There’s a fi­nal is­sue with the whole setup of an agent travers­ing states: in the real world, and in ex­am­ples like non-tran­si­tive travel, we never ac­tu­ally end up in quite the same state we started in. Per­haps we’ve got­ten sun­burned along the jour­ney. Per­haps we spent a few min­utes edit­ing our next blog post. At the very least, we’re now slightly older, and we have new mem­o­ries, and the sun’s po­si­tion has changed a lit­tle. And so, just like with defi­ni­tion 2, no se­ries of choices can ever demon­strate in­co­her­ent re­vealed prefer­ences in the sense of defi­ni­tion 1, since ev­ery choice ac­tu­ally made is be­tween a differ­ent set of pos­si­ble states. (At the very least, they differ in the agent’s mem­o­ries of which path it took to get there.⁴ And note that out­comes which are iden­ti­cal ex­cept for slight differ­ences in mem­o­ries should some­times be treated in very differ­ent ways, since hav­ing even a few bits of ad­di­tional in­for­ma­tion from ex­plo­ra­tion can be in­cred­ibly ad­van­ta­geous.)

Now, this isn’t so rele­vant in the hu­man con­text be­cause we usu­ally ab­stract away from the small de­tails.

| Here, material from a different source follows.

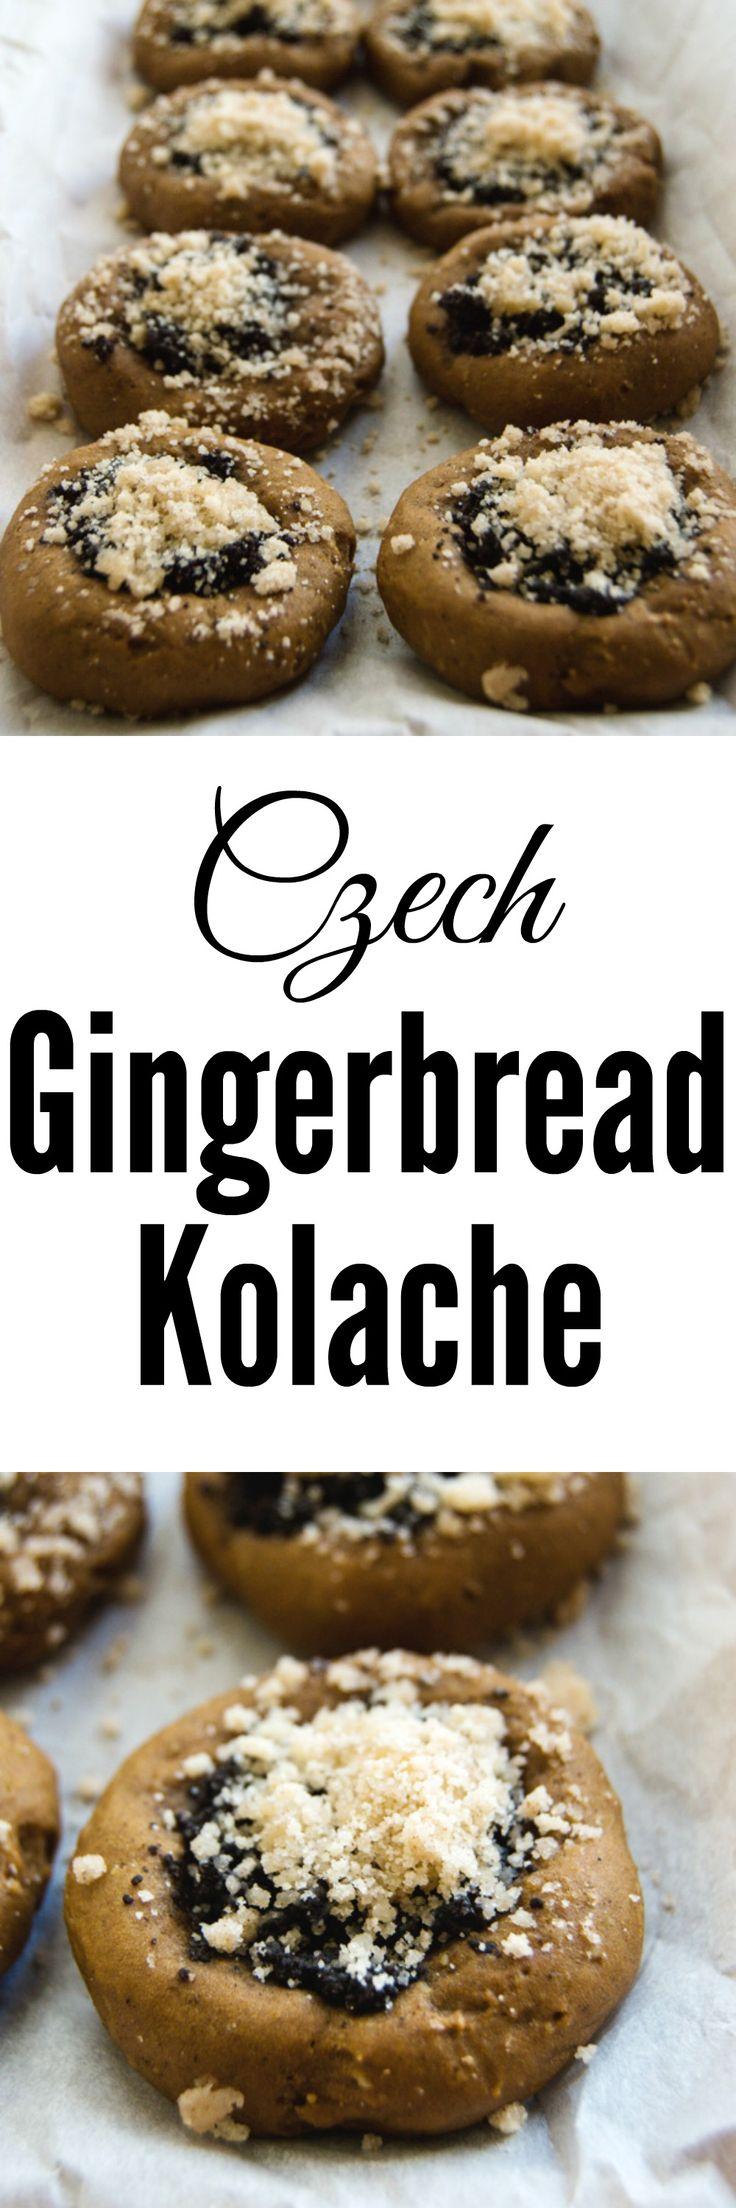 170 best czech images on Pinterest | Czech recipes, Dessert recipes ...

For ex­am­ple, if I offer to sell you an ice-cream and you re­fuse it, and then I offer it again a sec­ond later and you ac­cept, I’d take that as ev­i­dence that your prefer­ences are in­co­her­ent—even though tech­ni­cally the two offers are differ­ent be­cause ac­cept­ing the first just leads you to a state where you have an ice-cream, while ac­cept­ing the sec­ond leads you to a state where you both have an ice-cream and re­mem­ber re­fus­ing the first offer. Similarly, I ex­pect that you don’t con­sider two out­comes to be differ­ent if they only differ in the pre­cise pat­tern of TV static or the ex­act timing of leaves rustling. But again, there are no co­her­ence con­straints say­ing that an agent can’t con­sider such fac­tors to be im­mensely sig­nifi­cant, enough to to­tally change their prefer­ences over lot­ter­ies when you sub­sti­tute in one such out­come for the other.

So for the claim that suffi­ciently op­ti­mised agents ap­pear co­her­ent to be non-triv­ially true un­der defi­ni­tion 1, we’d need to clar­ify that such co­her­ence is only with re­spect to out­comes when they’re cat­e­gorised ac­cord­ing to the fea­tures which hu­mans con­sider im­por­tant, ex­cept for the ones which are in­trin­si­cally tem­po­rally ex­tended, con­di­tional on the agent have a rea­son­able prior and not be­ing in­differ­ent over too many op­tions. But then the stan­dard ar­gu­ments from co­her­ence con­straints no longer ap­ply, be­cause they’re based on maths, not the ill-defined con­cepts used in the pre­vi­ous sen­tence. At this point I think it’s bet­ter to aban­don the whole idea of for­mal co­her­ence as a pre­dic­tor of real-world be­havi­our, and re­place it with Ro­hin’s no­tion of “goal-di­rect­ed­ness”, which is more up­front about be­ing in­her­ently sub­jec­tive, and doesn’t rule out any of the goals that hu­mans ac­tu­ally have.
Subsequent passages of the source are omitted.